I am proof that it doesn't take fancy math skills to do really well in fantasy baseball. I do use one or two projection systems as a base, but then apply my own common sense. Pitchers with high strikeout totals and a season of past success (with three seasons: even better) are good bets. To know if a batter is having a lucky couple of months or has really improved, you not only look at his BABiP, but look for something that might have caused an improvement - such as a new team getting a guy's career back on track (Aaron Hill in Arizona), or a new approach that has worked for similar batters (Edwin Encarnacion a la Jose Bautista).
Oleoay
11/27
Hey now, I'm the one who called right on Encarnacion. :)
hotstatrat
11/28
Yes, you certainly deserve credit for getting him in his break-out season this winter. I'm only trying to take credit for figuring that his first half excellence would continue - not that you disagreed - he didn't come cheaply, but it was certainly a helpful pick-up for me, if not for both of us.
Oleoay
11/28
I was pretty sure he would sustain it, which is why I kept the price high and I definitely enjoyed buying low on him.

Though in retrospect, that Garza trade's been a bad mistake. Too many NL crossovers now since Segura (from the Encarnacion trade) is now in the NL.
berkoffm
11/21
The MLB.tv black out policy makes me very very sad. I ditched cable television and hoped to watch the Cubs lose a ton of games via the internet. Lo and behold, the blackout policy. I can only watch my home town team if I pull off some Jason Bourne IP address relay through Bangldesh via Rome, Siberia and Argentina. Anyone hear if they are going to change this policy?
Oleoay
11/21
Once Siberia produces a kid that throws 100 mph, the policy will change to black out Russia too.
BillJohnson
11/22
Naw. In Russia, the networks black YOU out.
fawcettb
11/22
That was before 1989. Now the oligarchs have reporters who tell the truth killed. But television is as bad there as here.

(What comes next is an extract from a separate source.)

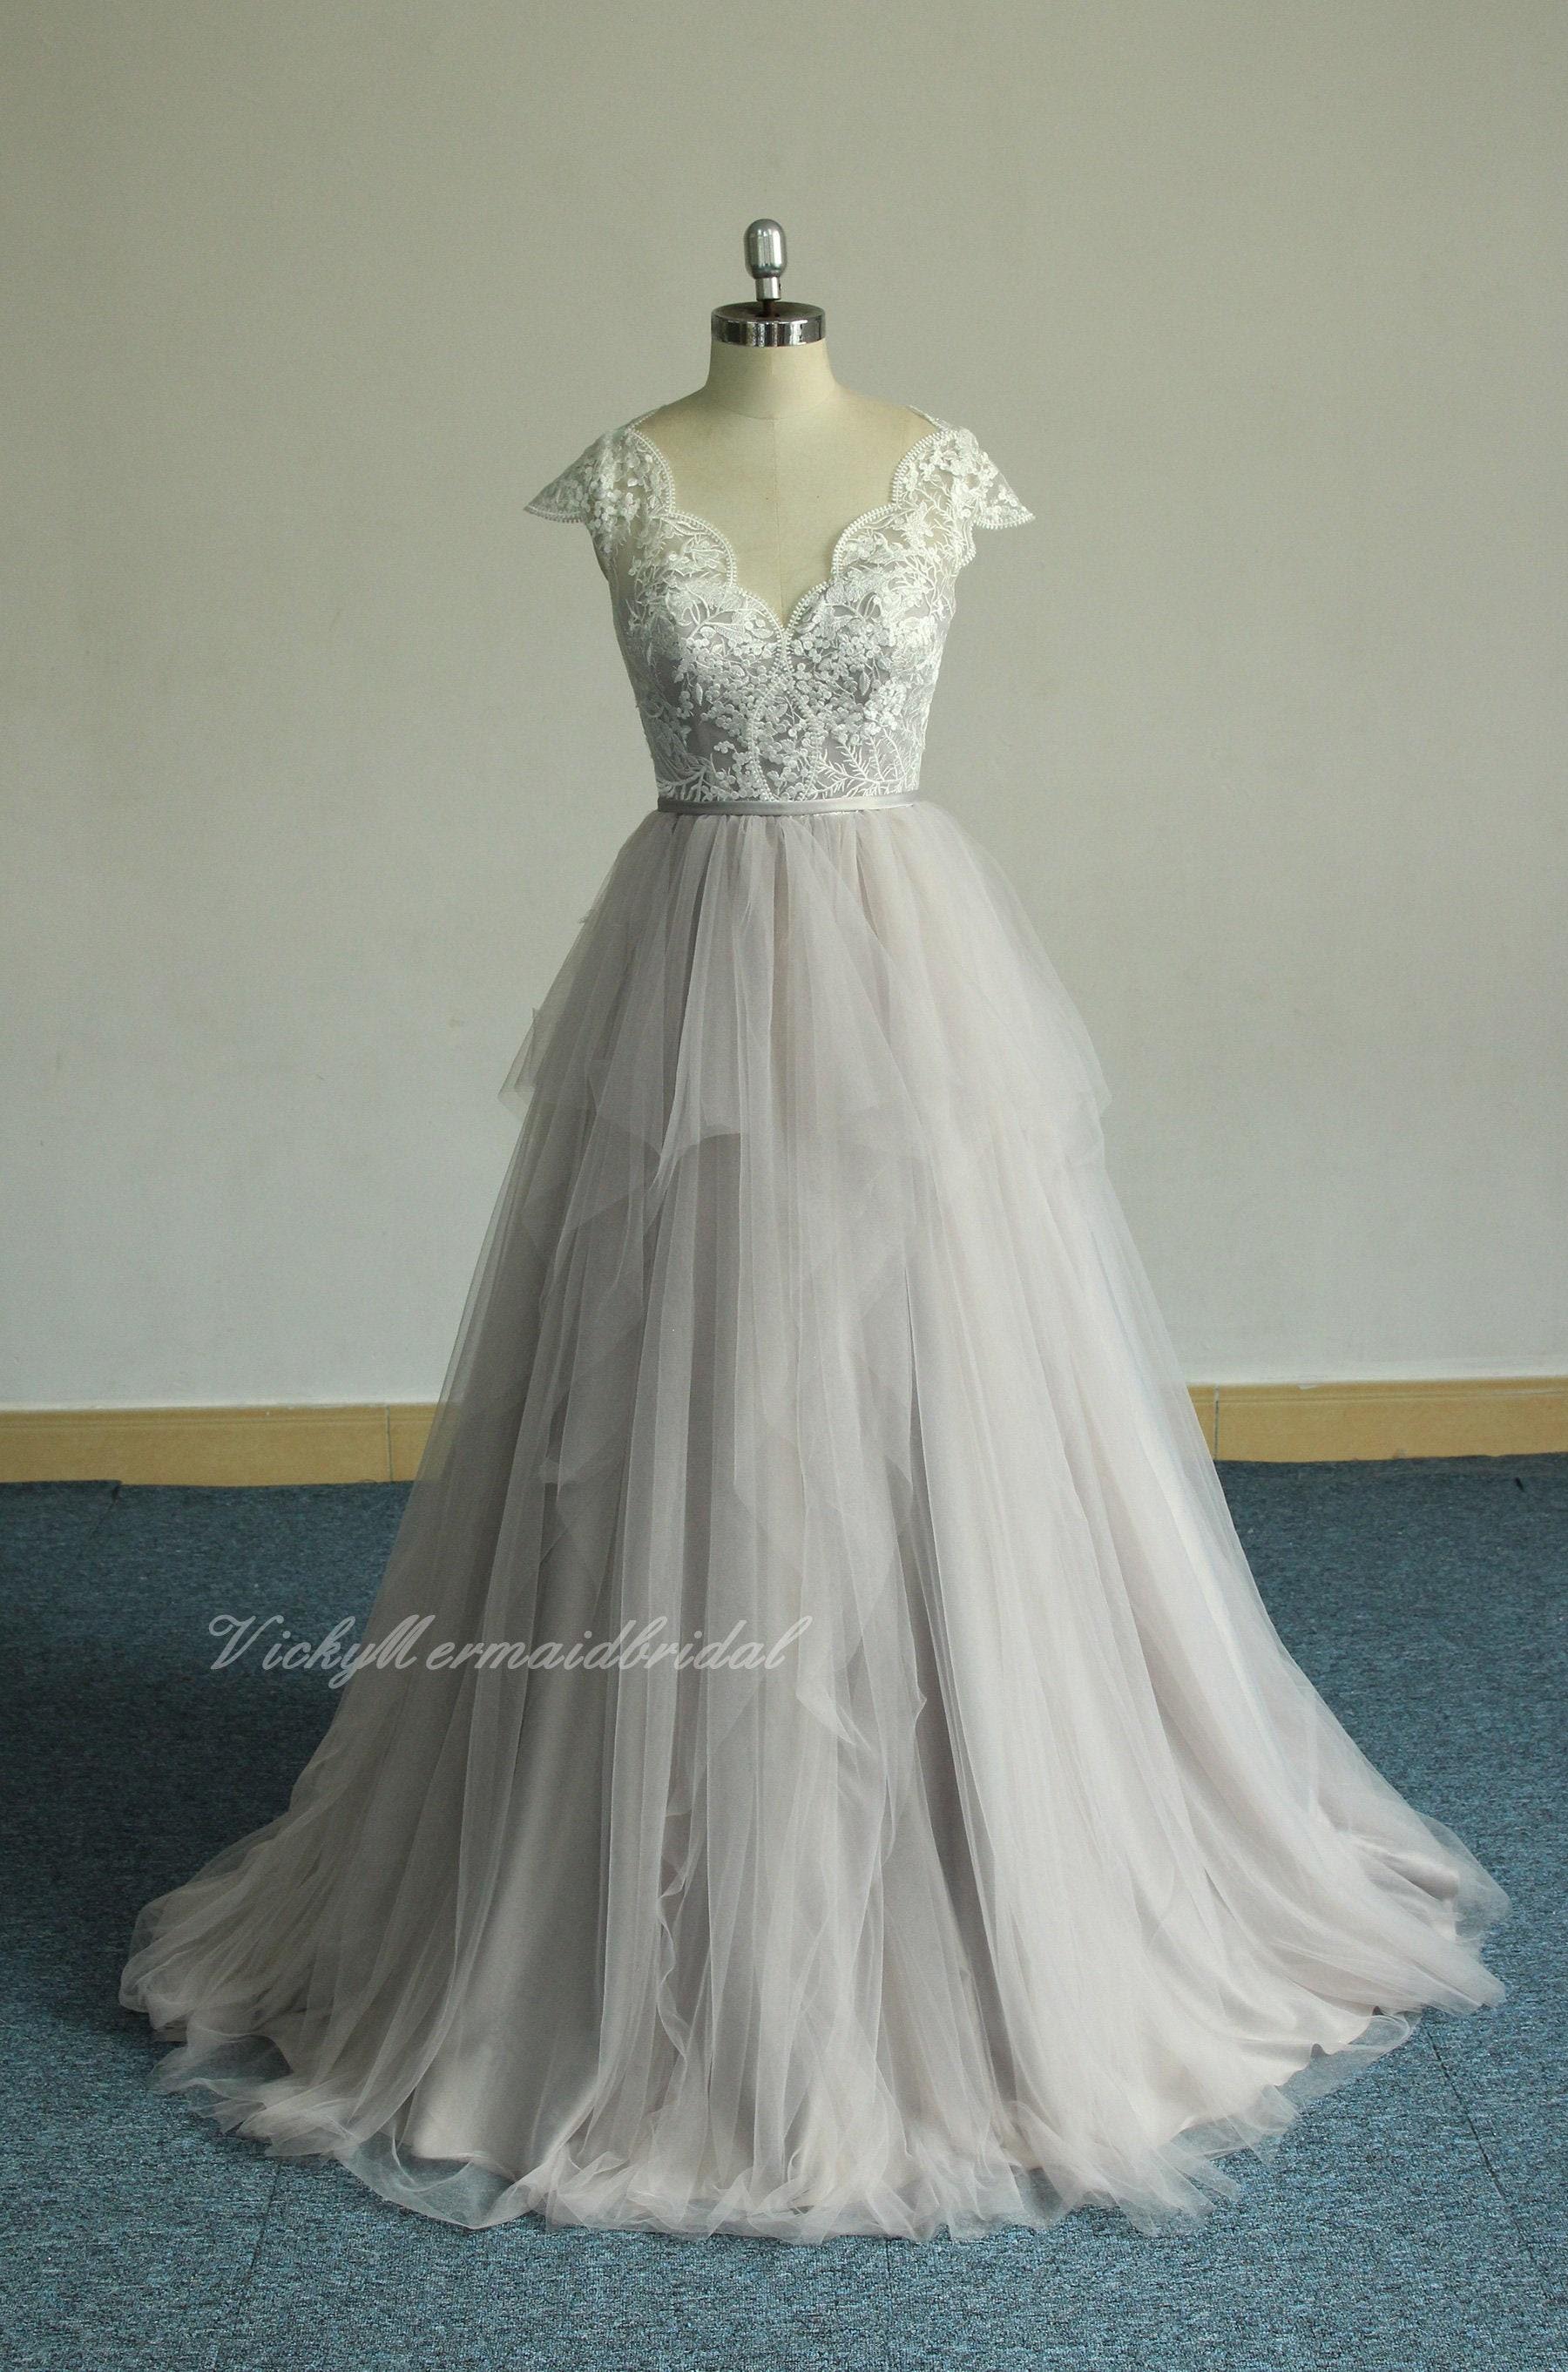 Romantic Bohemian Wedding Dresses.Romantic Bohemian Wedding Dress Scallop Neckline Outdoor Wedding Dress Gray Weddin Dress With Ruffled Skirt

P.S. the commies are gone from Russia. The only ones left are in Canada, and they're all over 75, and usually dead drunk by 2 PM.
Oleoay
11/22
I was a communist once. Then I realized someone had to pay the bills.
fawcettb
11/22
So, what does David Smith do now, and why was he only running Retrosheet at a SABR conference a few years ago?
FletchLives
11/22
He is a professor at the University of Delaware.

http://www.bio.udel.edu/users/dsmith
lipitorkid
11/22
The best part of baseball is the length of a game. Where else can you get away from home, house-work, bills, phone calls etc... for five hours and not take crud for it. It's even better if you bring your kid cause then you are being a good dad.

Whether it's sitting at a UC Irvine Anteater game eating tri-tip nachos; or watching the Angels or Dodgers, while eating a hot dog. There is nothing more relaxing than watching a baseball game. My blood pressure goes down 20 points easy.